With no funds, no salary and just a ramshackle rondavel, Nomapuzi walked three kilometres every day to give her children the best start in life she could possibly offer.
Today, the project is supported by Willen en Doen (Will It and Do It), is home to a thriving food garden, community centre, spaza, future orphanage, and compost toilets. It offers skills development, including intricate sewing projects using recycled materials and is well on its way to being 100 percent sustainable.
we tackled the last leg of our journey with gusto. Parking our bikes outside The Kraal, we spotted hundreds of dolphins surfing the waves and leaping joyously in the air, as happy and in their element as a world-class ballerina on stage.
The Kraal is the real deal – running on solar energy, water is heated with a dual solar and donkey boiler-type system (constantly circulating water to retain heat).

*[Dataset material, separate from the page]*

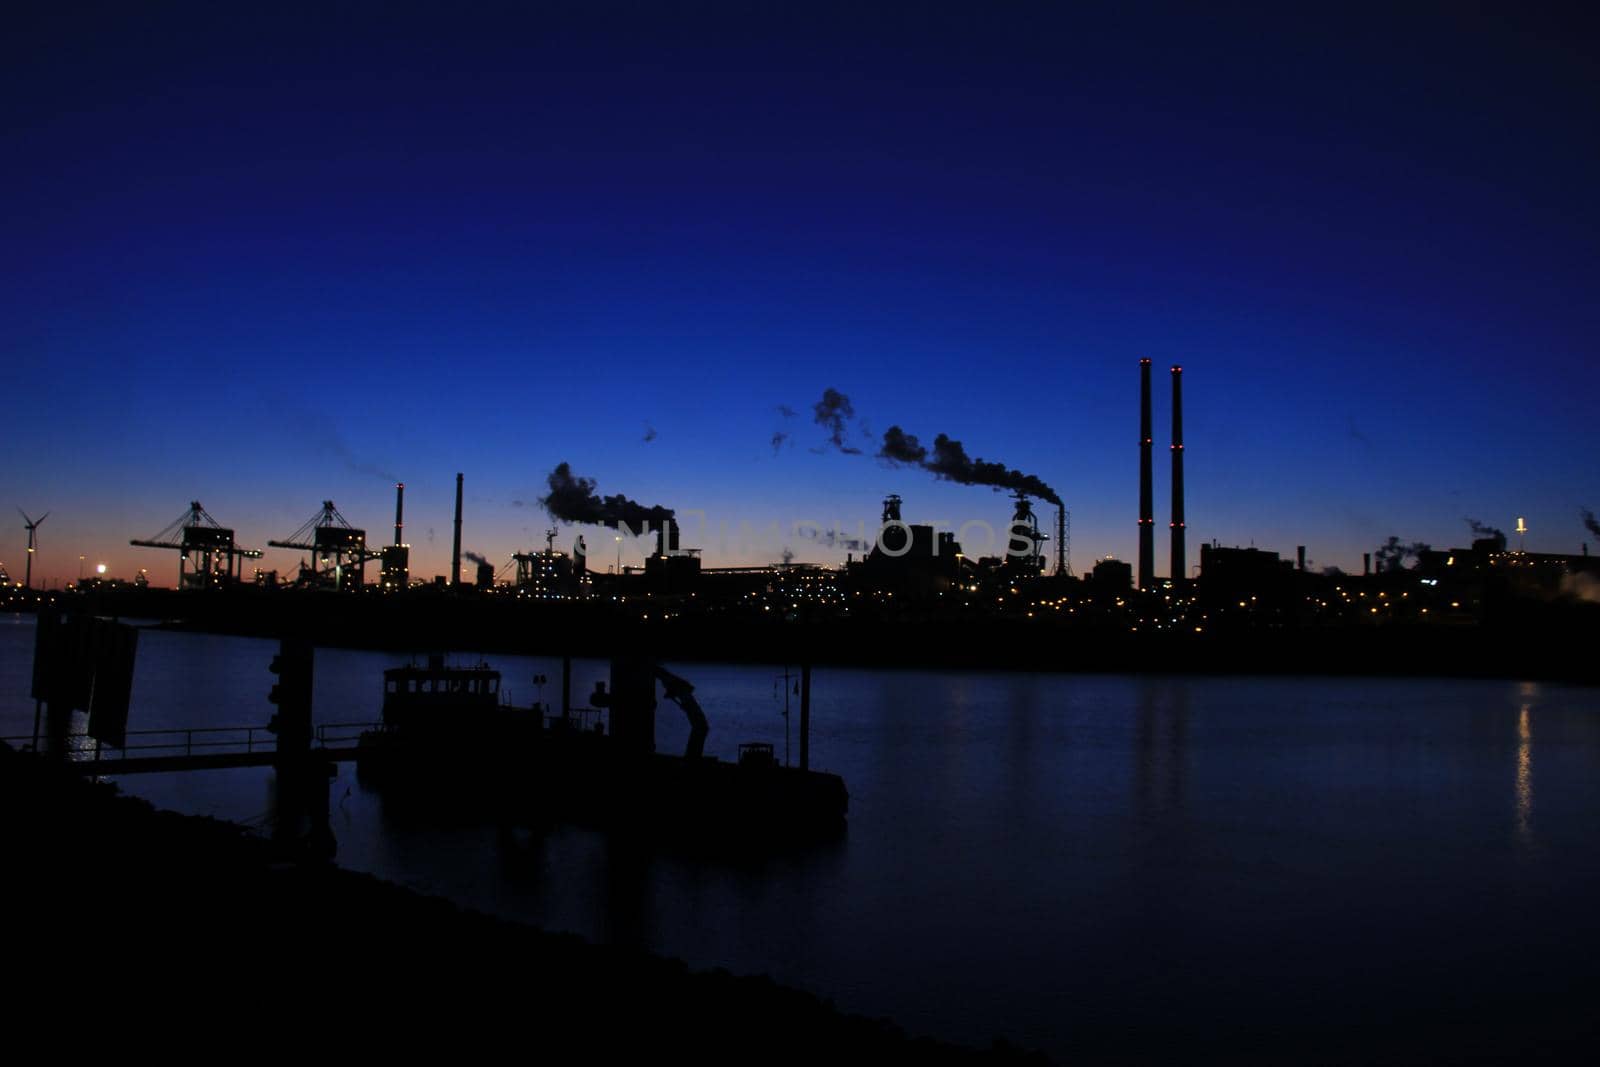 Skyline of an industrial area during sunset by studioportosabbia
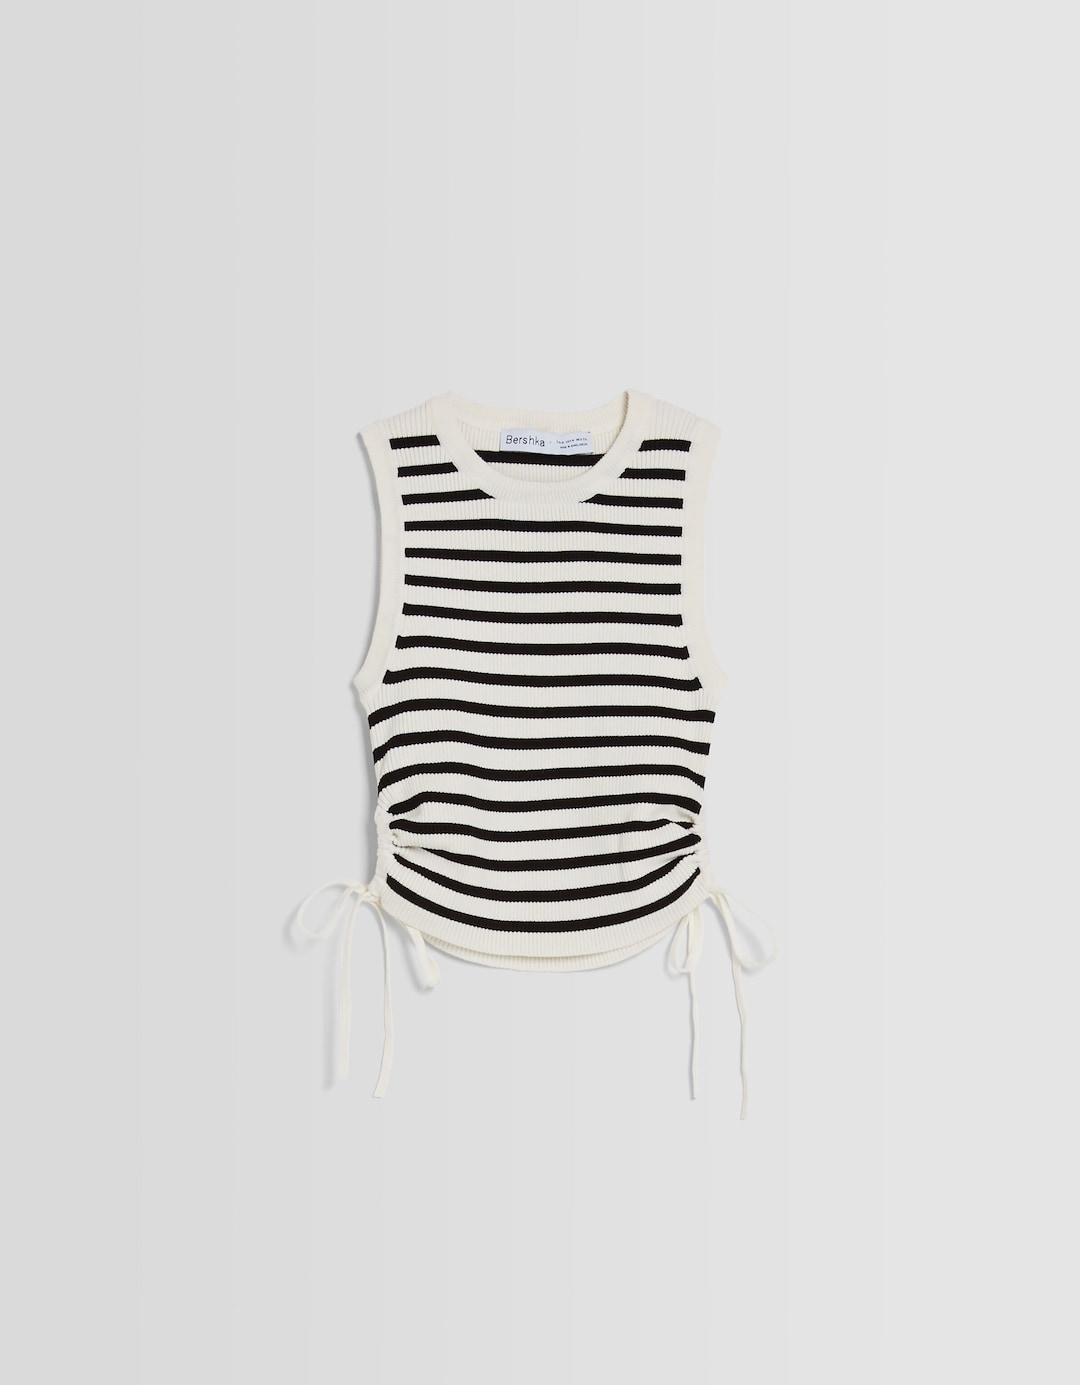 Sleeveless gathered knit top with ties

They capture rainwater, filter grey water through a reed bed which irrigates their homegrown vegetables and have built a biogas toilet (which creates energy from waste). They’ve also formed Kraal Toddlers, an NPO that aims to improve health, living and learning conditions through awareness, education and local empowerment.
As we awakened to more dolphins steaming past as if on repeat, our life in the city felt like an unsettling dream. Fortunately, SA has so many more eco spots to see that life on the road is far from over. - Cape Times
l Andrews and List are on a 7 500km carbon-neutral safari to document and photograph SA’s beauty and the inspiring environmental projects that aim to conserve this.